Required work: After removing every image, reproduce the data exactly as it appears.

The data:

———

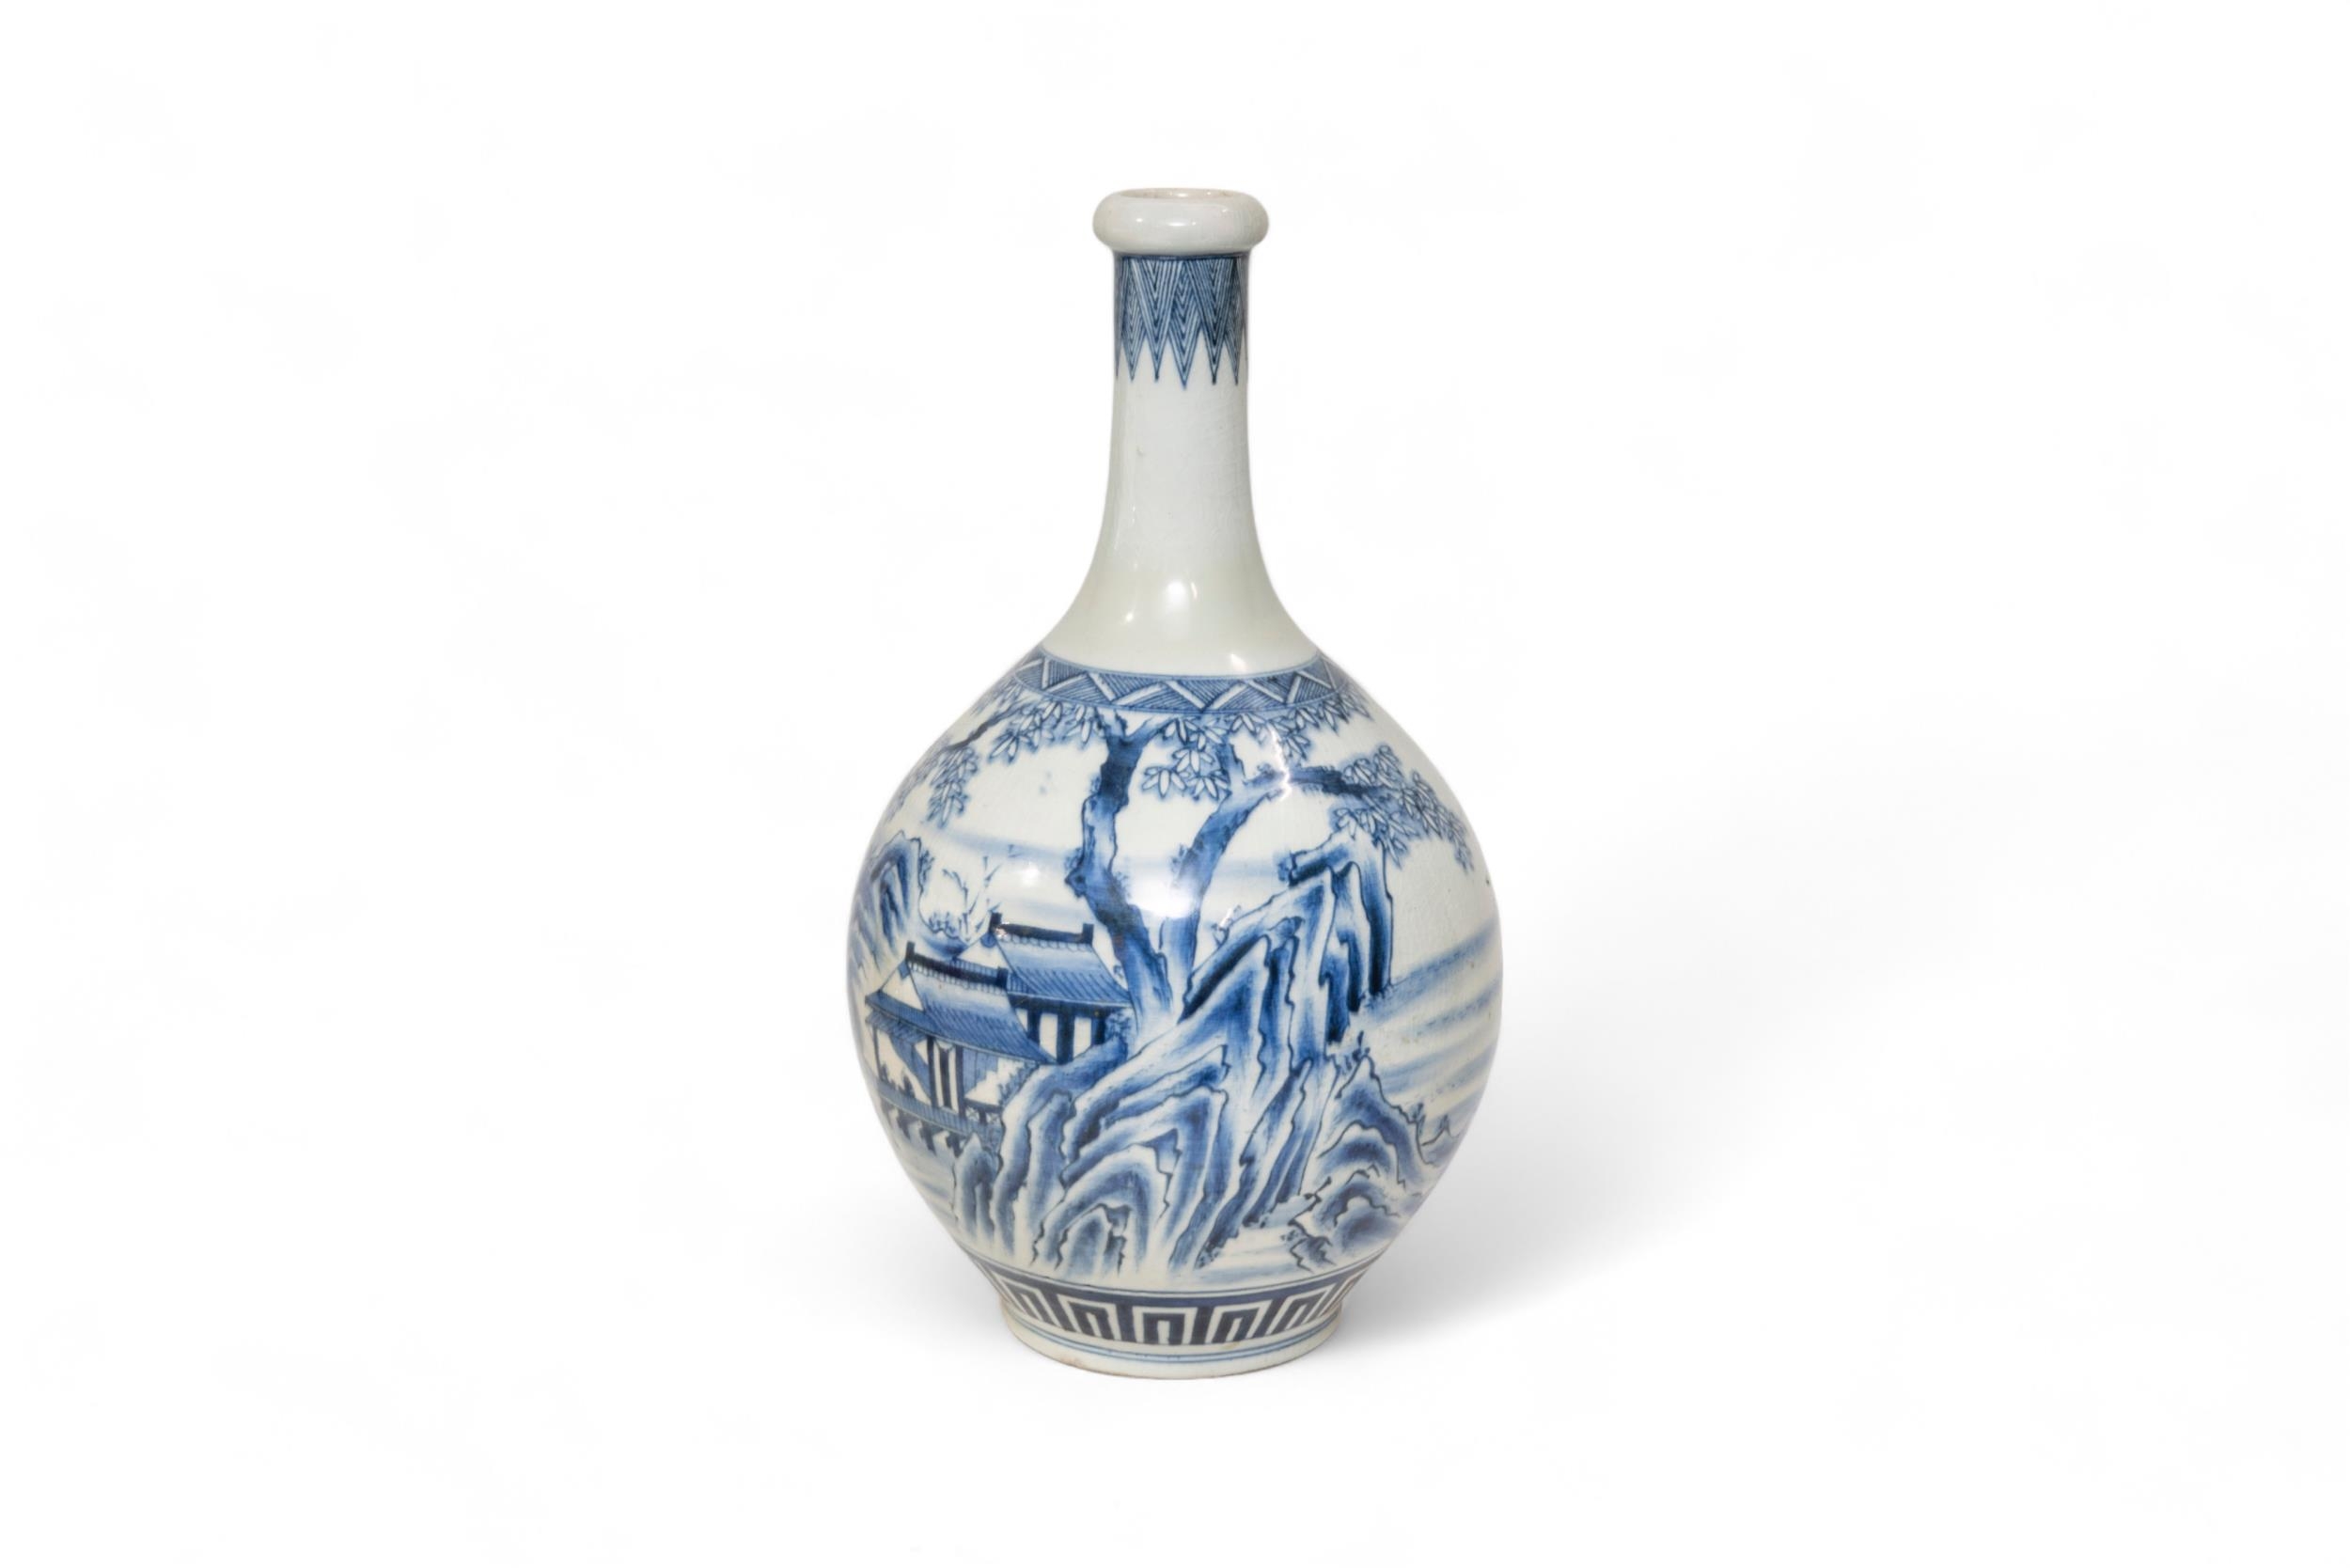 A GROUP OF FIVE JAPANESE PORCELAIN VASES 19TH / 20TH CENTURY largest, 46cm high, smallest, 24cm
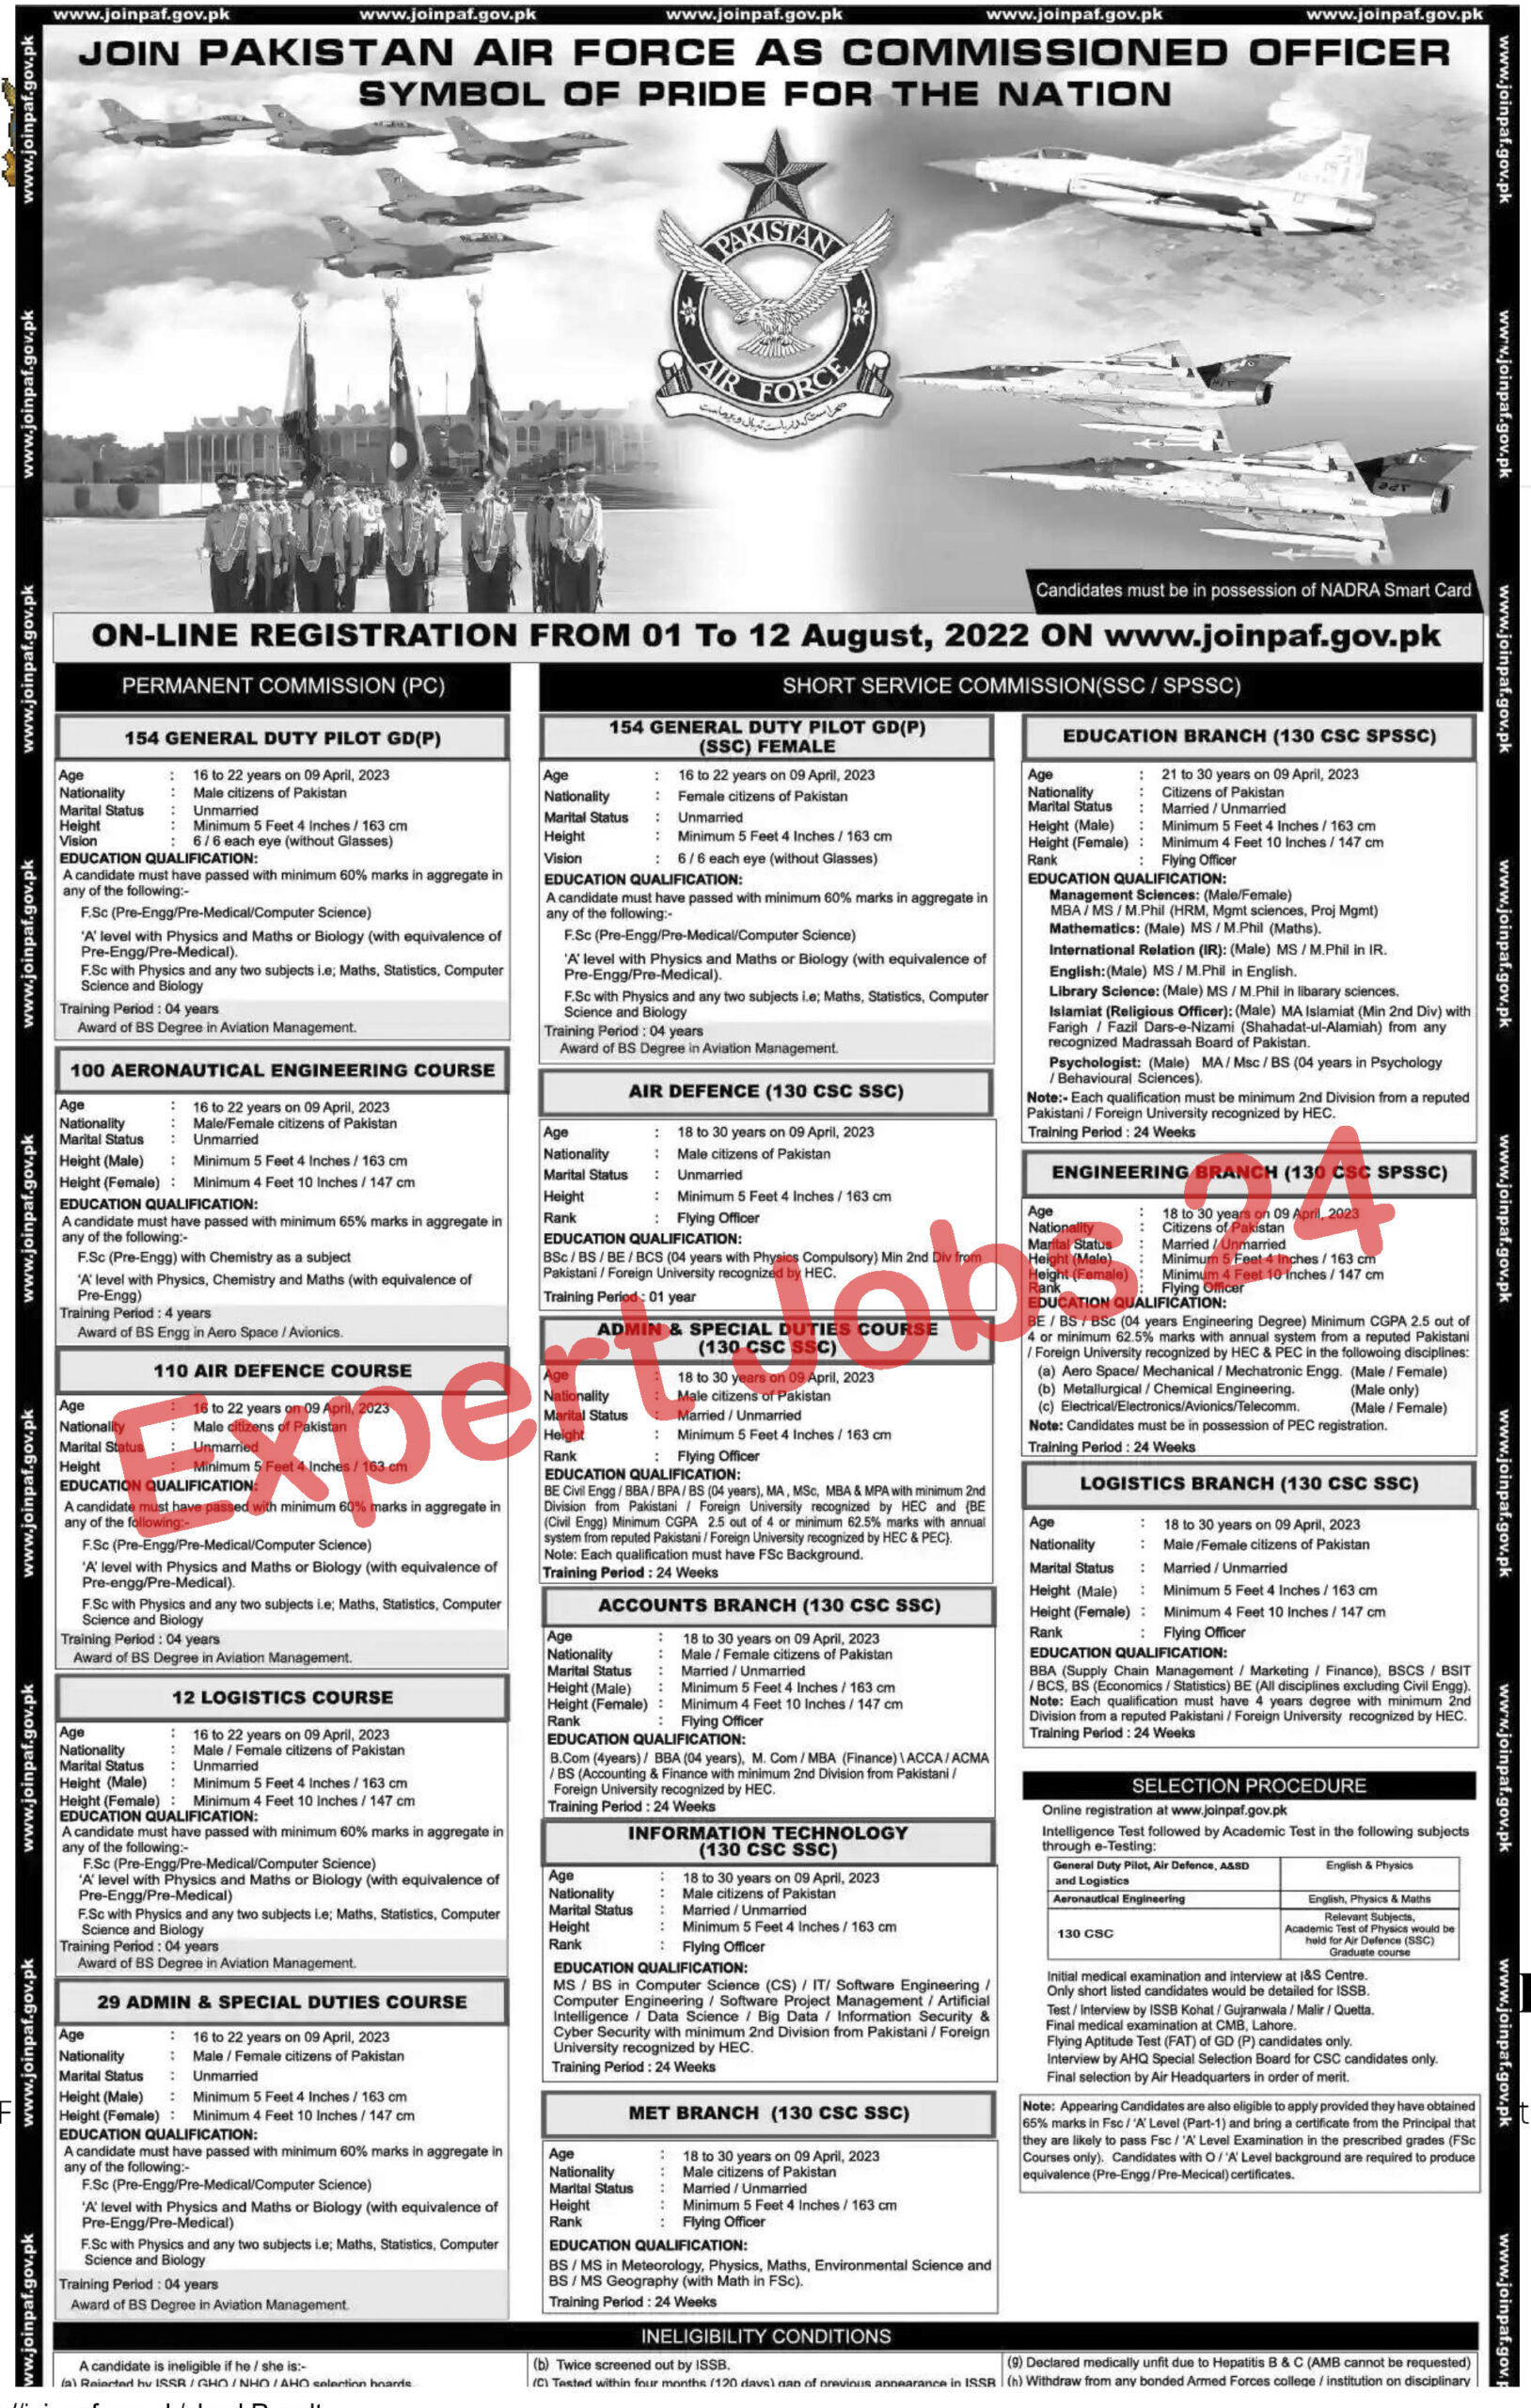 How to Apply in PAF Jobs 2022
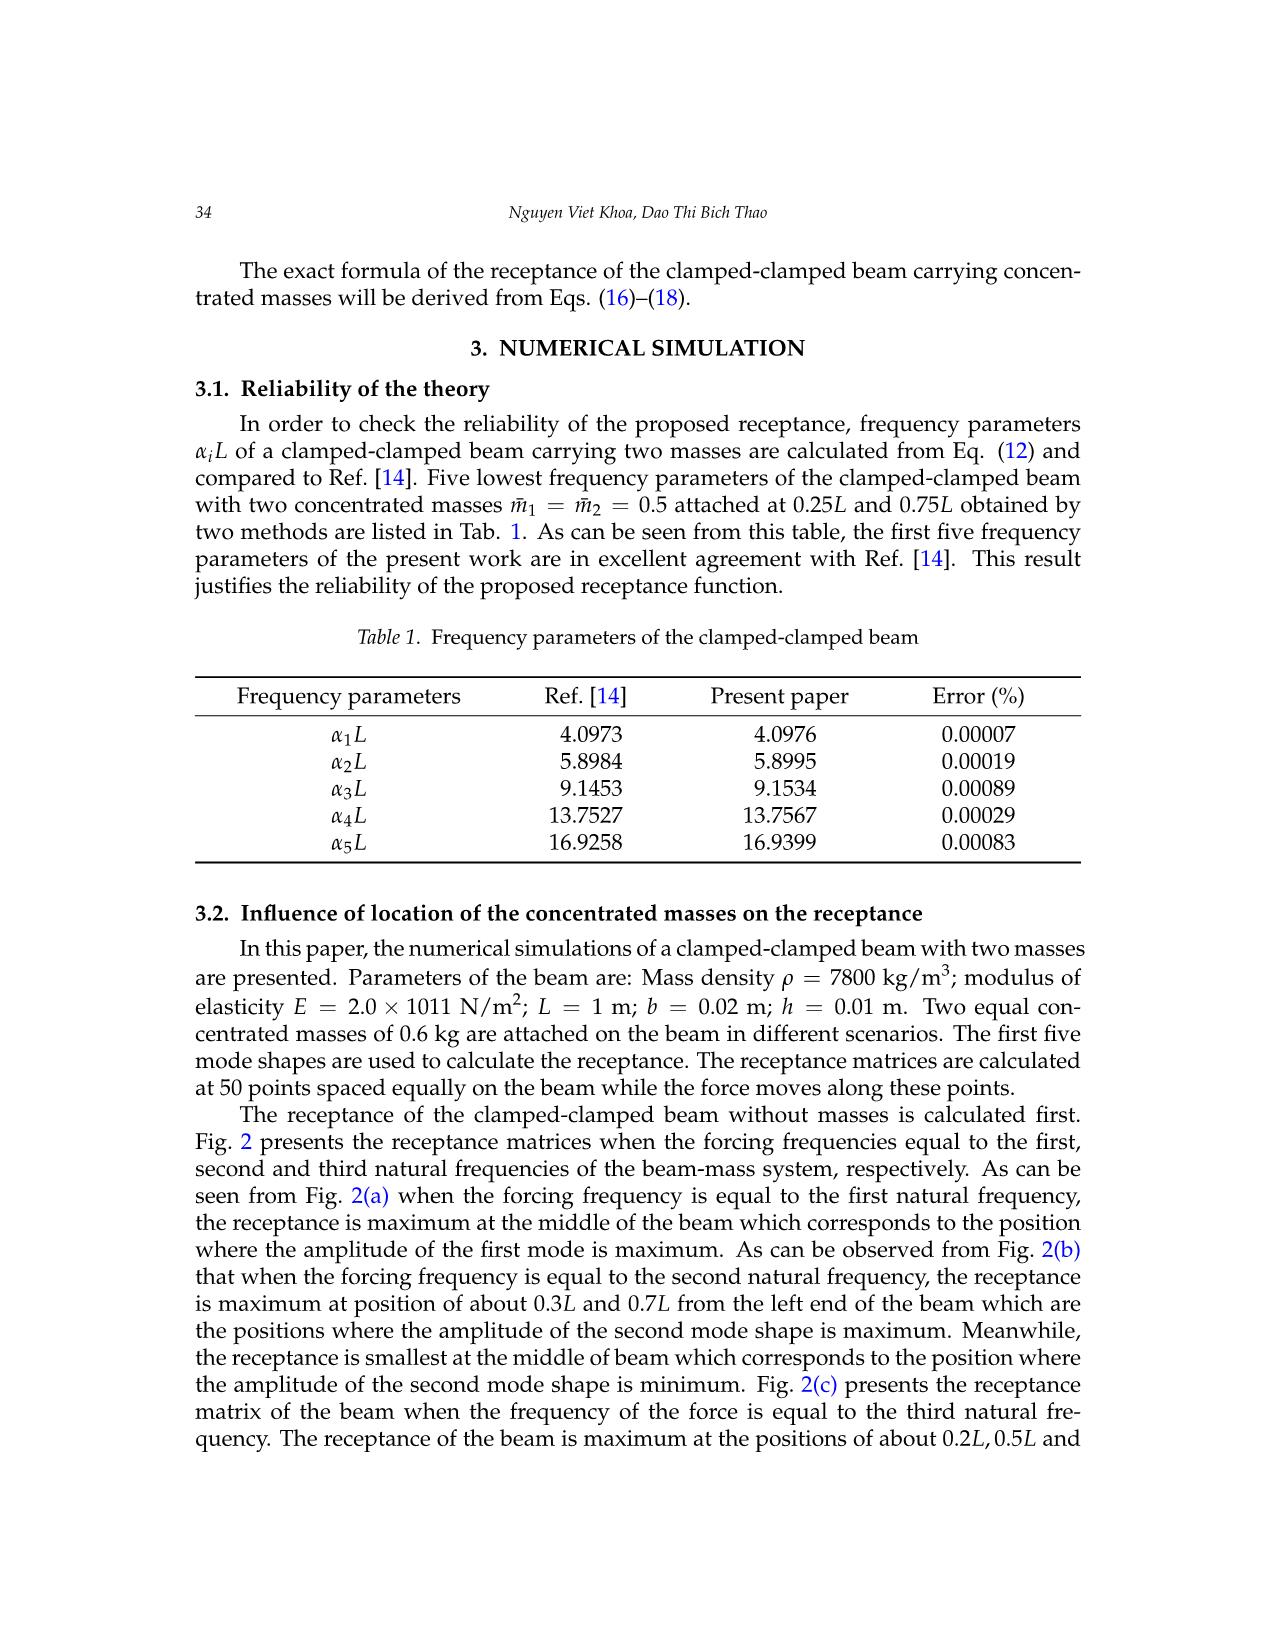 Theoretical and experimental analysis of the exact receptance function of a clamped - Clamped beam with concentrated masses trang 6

———

Written answer:
 A GROUP OF FIVE JAPANESE PORCELAIN VASES 19TH / 20TH CENTURY largest, 46cm high, smallest, 24cm
 How to Apply in PAF Jobs 2022
 Theoretical and experimental analysis of the exact receptance function of a clamped - Clamped beam with concentrated masses trang 6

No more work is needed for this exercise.